Task directions:
Please write out the whole listing that follows exactly; the pictures stay out.

Source material:
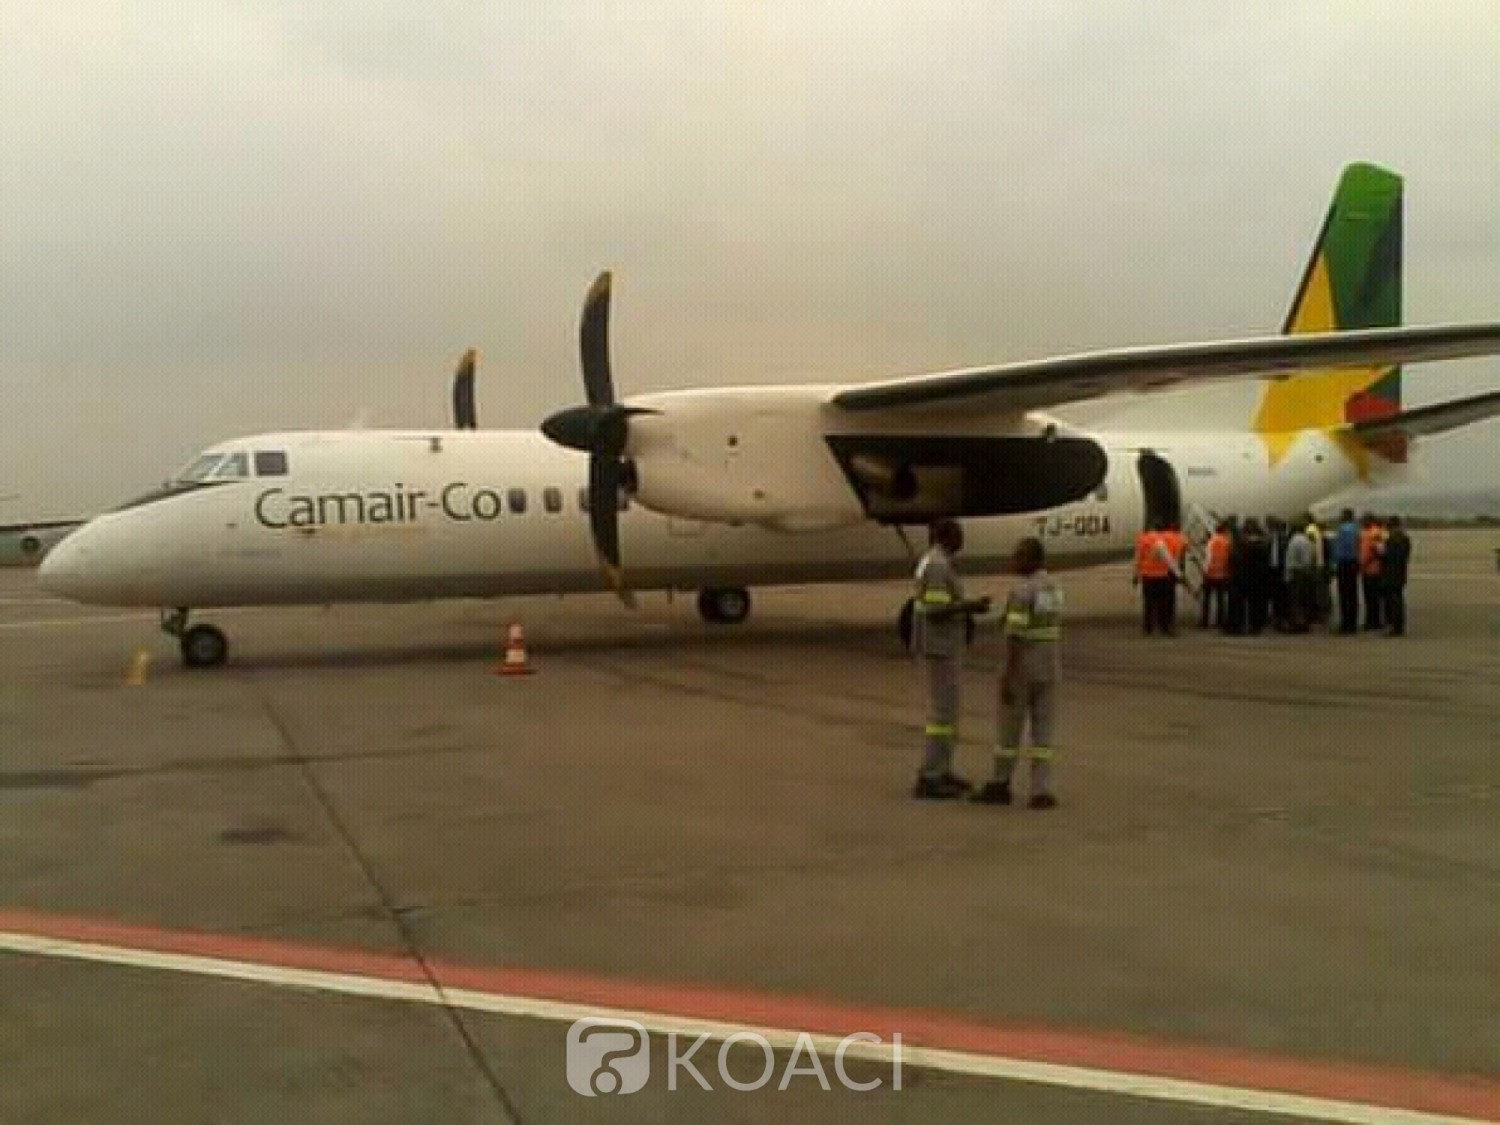 Cameroun :  Incertitudes sur les causes de sortie de piste d'un avion à l'aéroport de Yaoundé Nsimalen
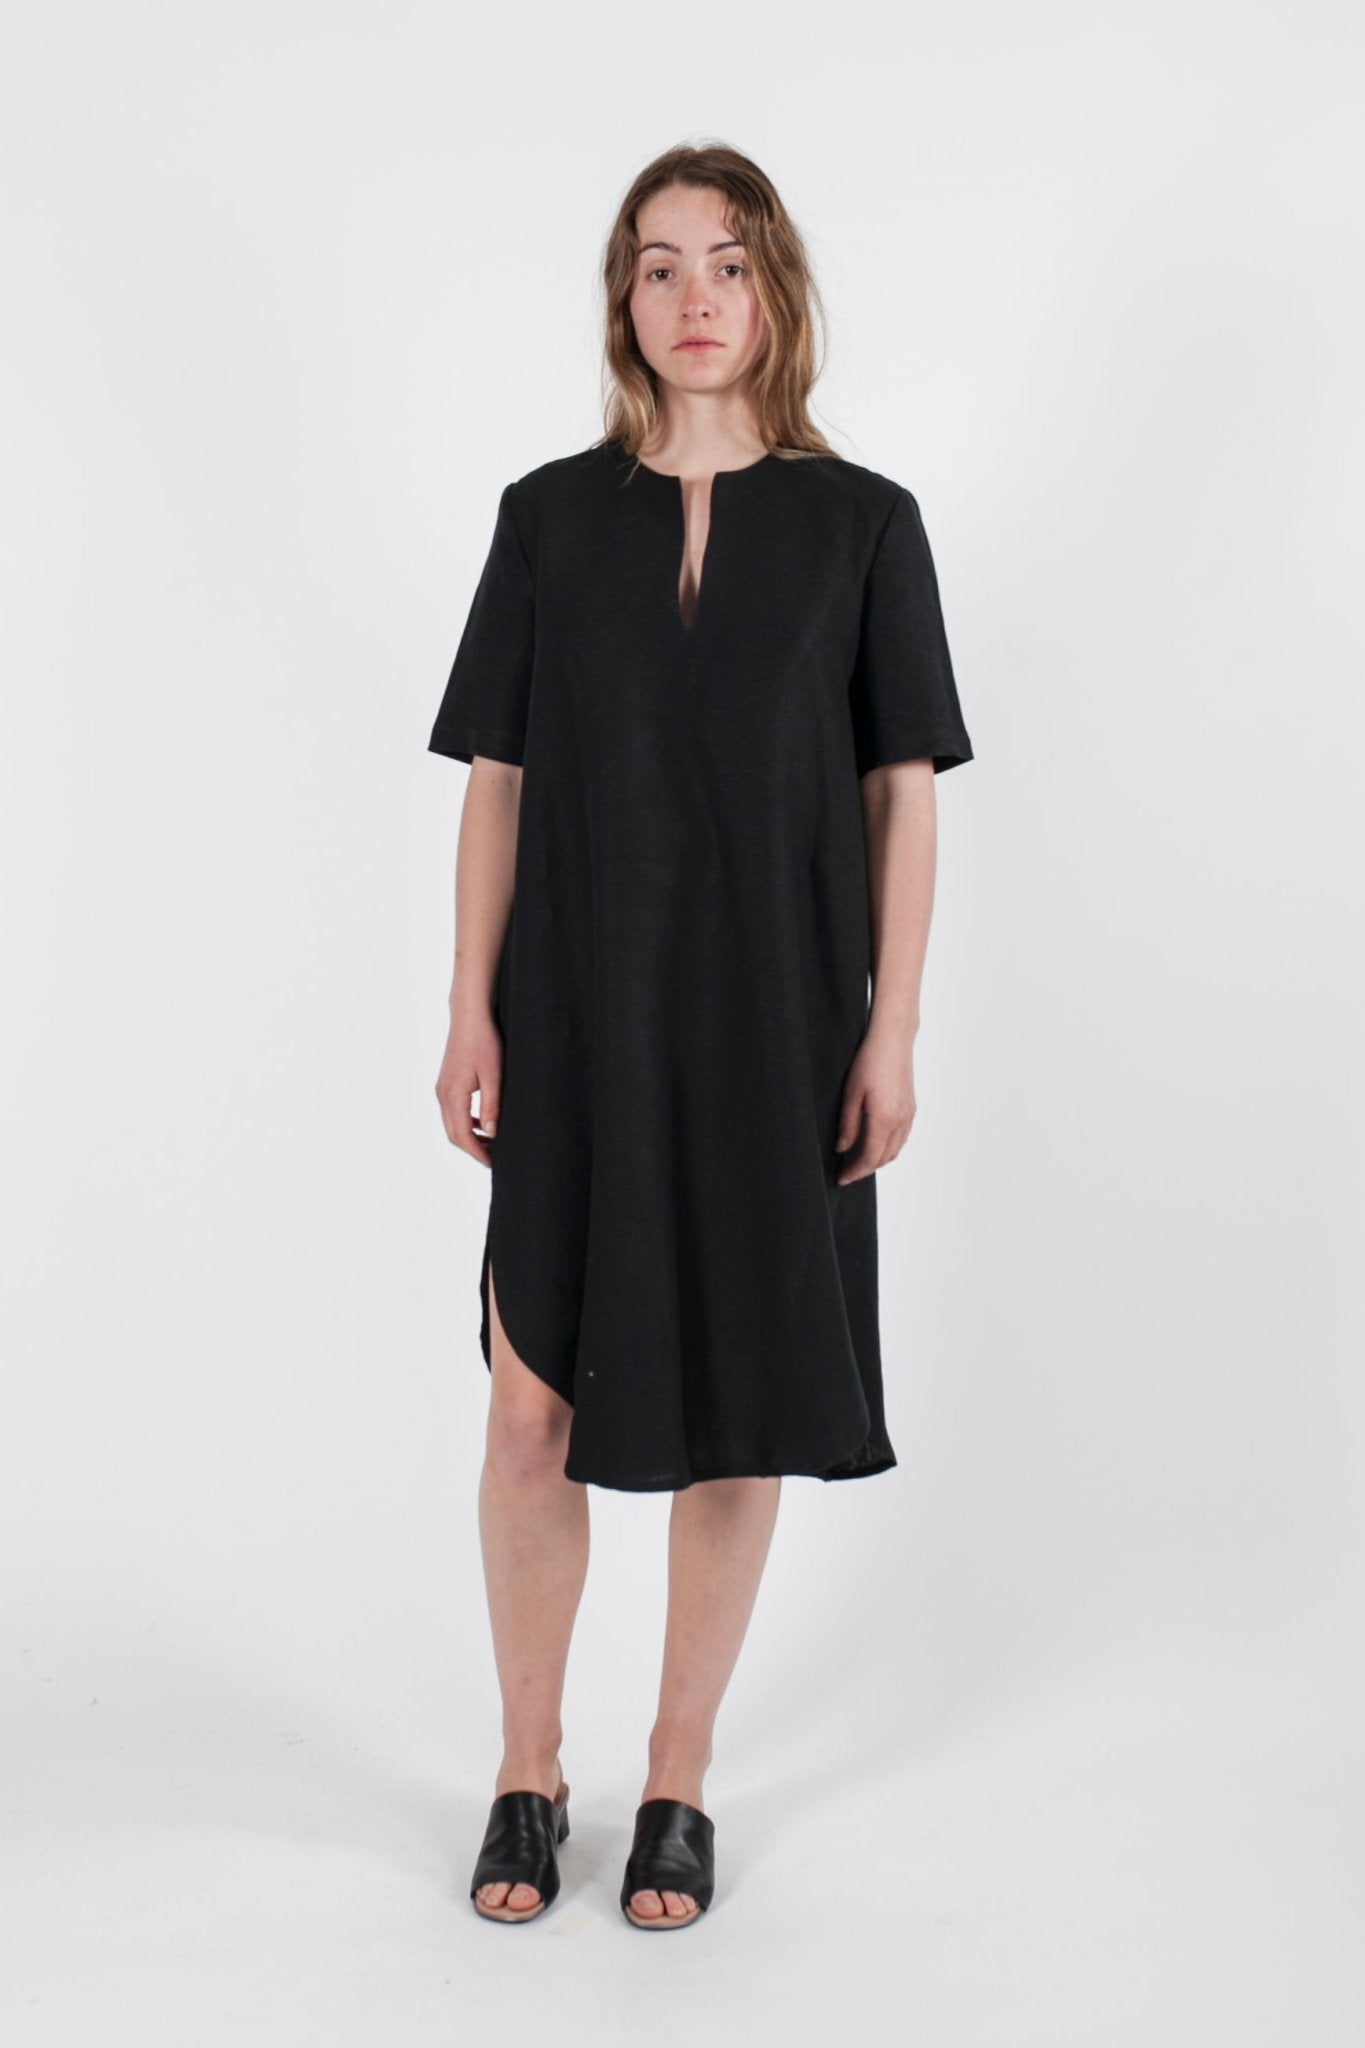 Hemp Linen Short Sleeve Tunic Dress - Ensemble Studios
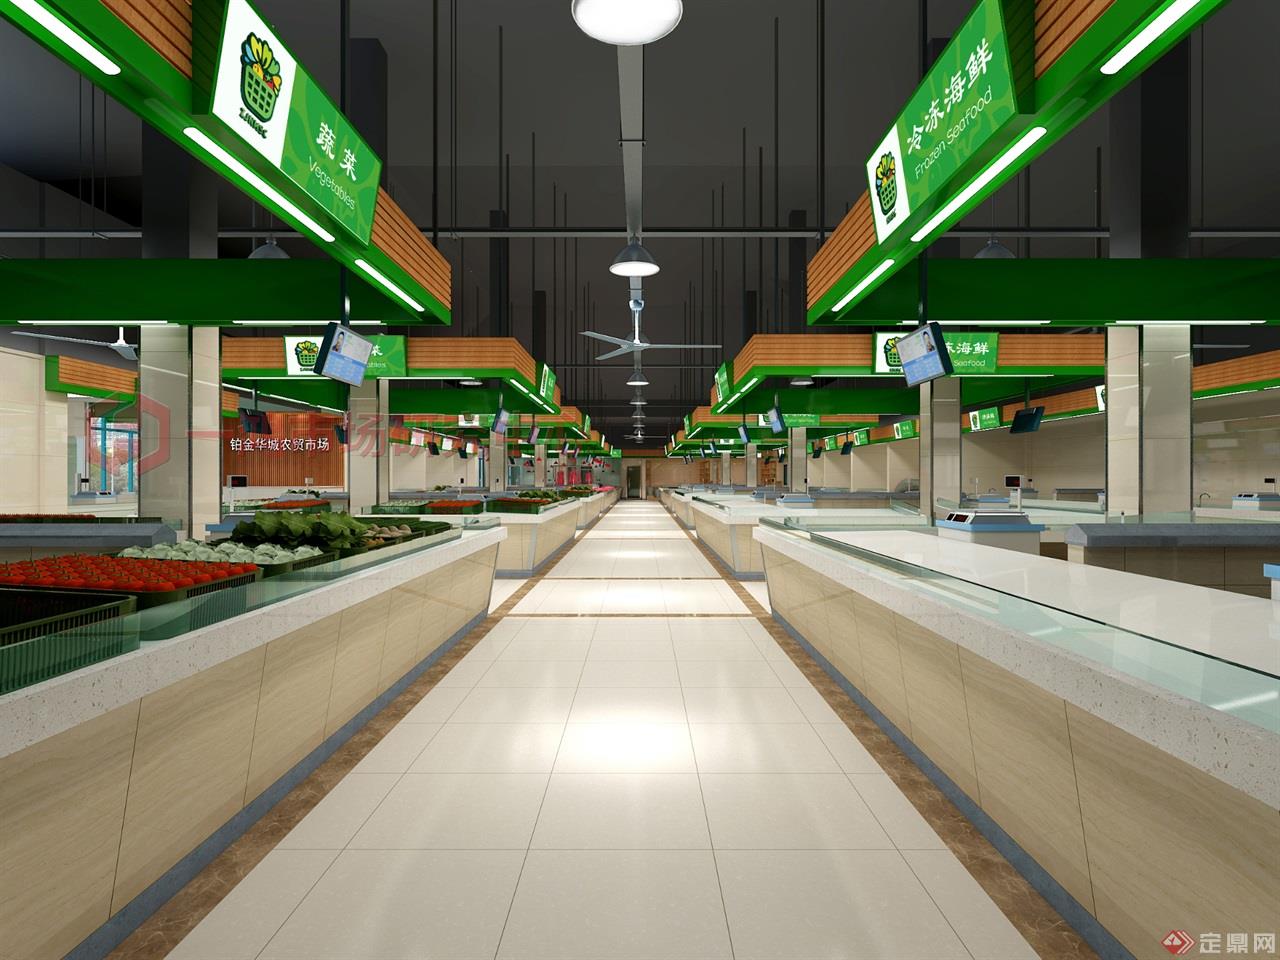 华城农贸市场设计—蔬菜区—一鸿市场研究中心
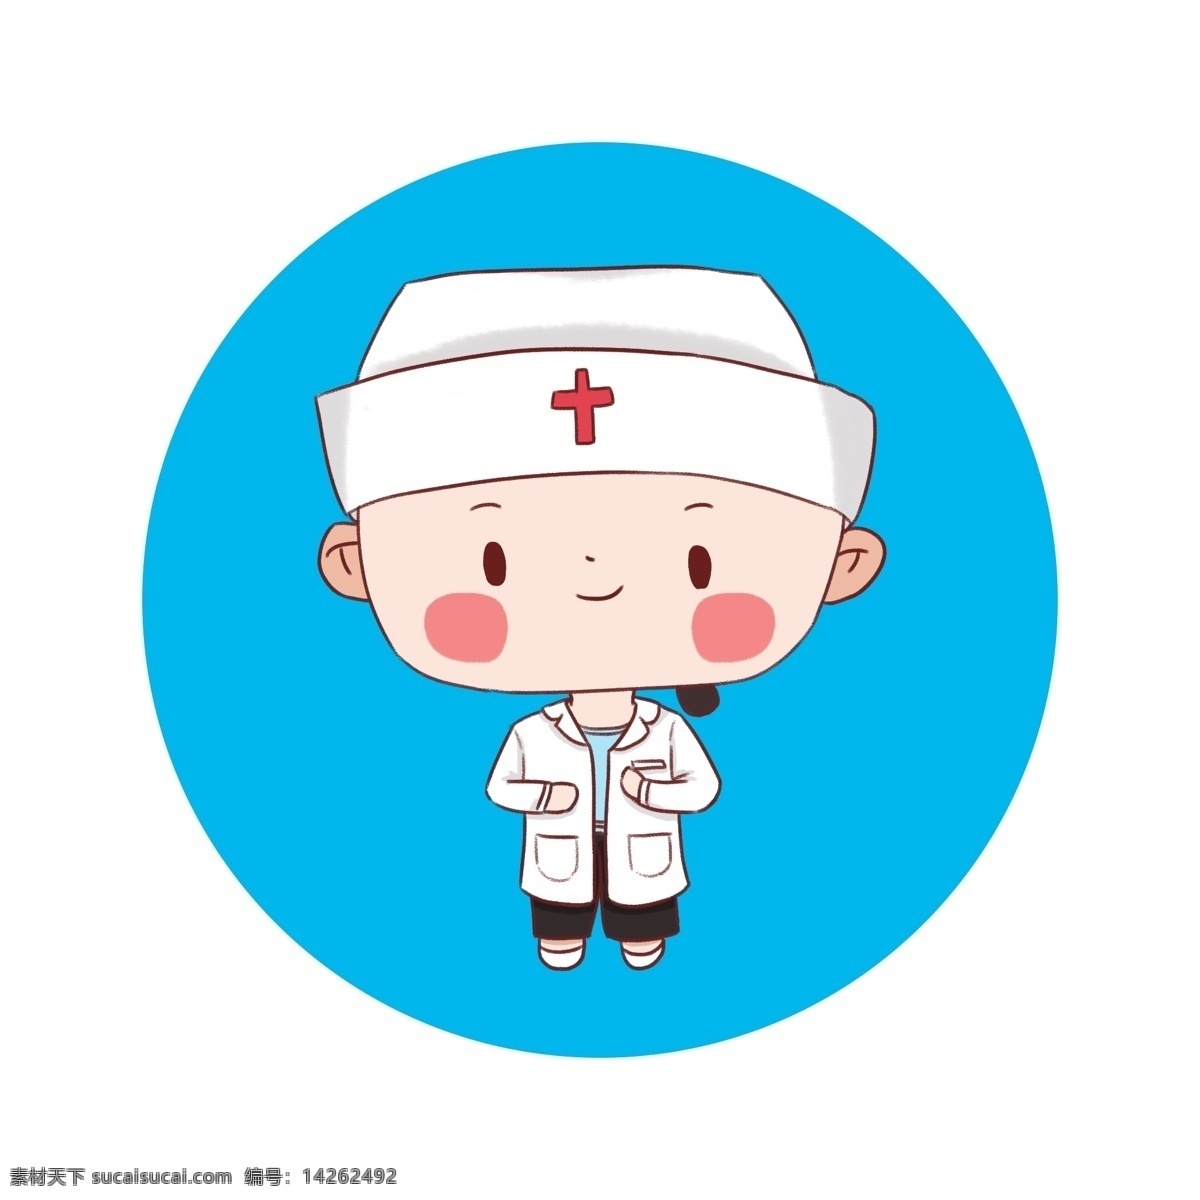 原创 可爱 护士 手绘 元素 护士日 白衣天使 国际护士日 护士元素 护士手绘元素 卡通护士元素

Finished exercise:
 Cameroun :  Incertitudes sur les causes de sortie de piste d'un avion à l'aéroport de Yaoundé Nsimalen
 Hemp Linen Short Sleeve Tunic Dress - Ensemble Studios
 华城农贸市场设计—蔬菜区—一鸿市场研究中心
 原创 可爱 护士 手绘 元素 护士日 白衣天使 国际护士日 护士元素 护士手绘元素 卡通护士元素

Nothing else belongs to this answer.